We hope these creative nesters fair well and manage to raise a healthy brood but these ad-libbed nesting spots can be really problematic. While mildly inconvenient for us, they can be deadly for the birds.
Life as a wild bird is hard enough. Along with the usual stress that comes from protecting eggs in a nest and then raising chicks, these awkward nesting spots bring additional disruptions like noise, light, people coming and going, and predators scouting their vulnerable location.
Birdhouses and garden art used as nesting spots are also worrisome.
So what can we do?
If the nest is established, let it be. Prevent disruptions as best you can. In a few weeks—we hope—those chicks will fledge.

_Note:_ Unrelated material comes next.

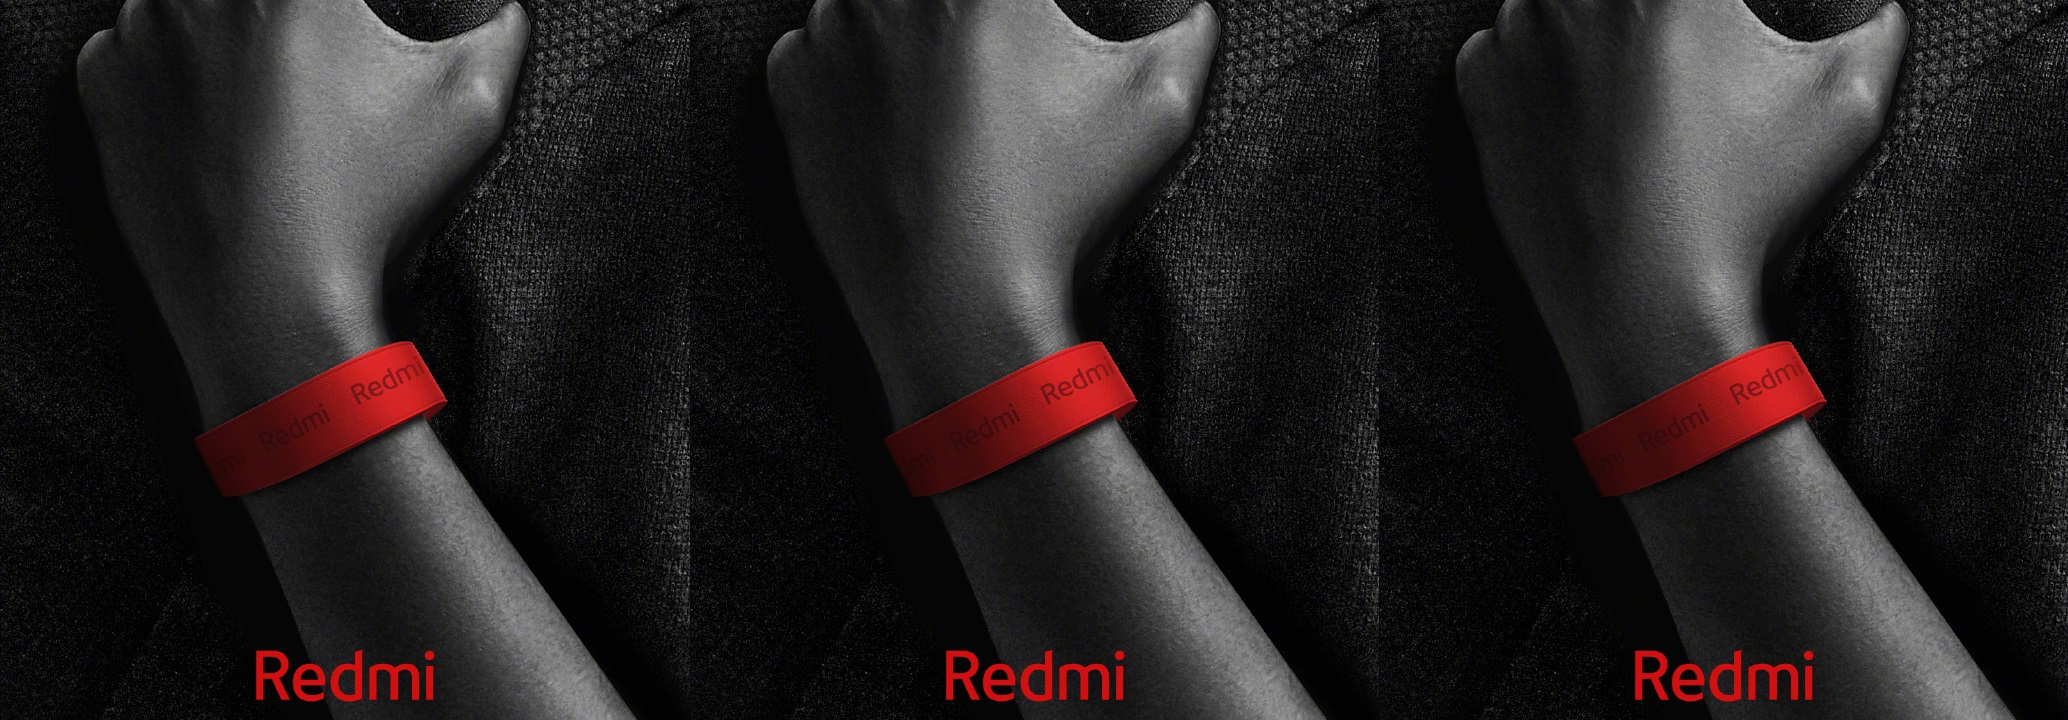 Redmi Band teaser

Long-term, the ideal is to restore as much natural habitat as possible. Birds need nature—not us. This means the whole circle of life including trees and shrubs, flowering plants, fresh water, and a pesticide-free environment that ensures a plentiful supply of delicious, juicy bugs to fuel the parent birds and fatten up those chicks.
We can also provide nesting boxes—not decorative birdhouses—which, if designed to suit the species and properly located, will give birds their best chance at raising their young without added stresses.
Each Species Has Unique Needs
When built right, nesting boxes are uniquely-designed for the needs of each individual species based on years of research about their size, abilities, and behaviors.
Whether you follow plans to build a nesting box or buy one readymade, it should be built with the right specifications (height, width, depth) including an entry hole sized for the specific species you are housing. I’ve listed recommended entry hole sizes here.
Other bird species may also try to occupy the box but, if the dimensions are right, this greatly reduces the chance of invasions or take-overs from other larger and more aggressive species.
It’s pretty cool when you build a box for a specific bird and they settle right in and successfully raise their young.
I’ve listed free plans in the Resources section.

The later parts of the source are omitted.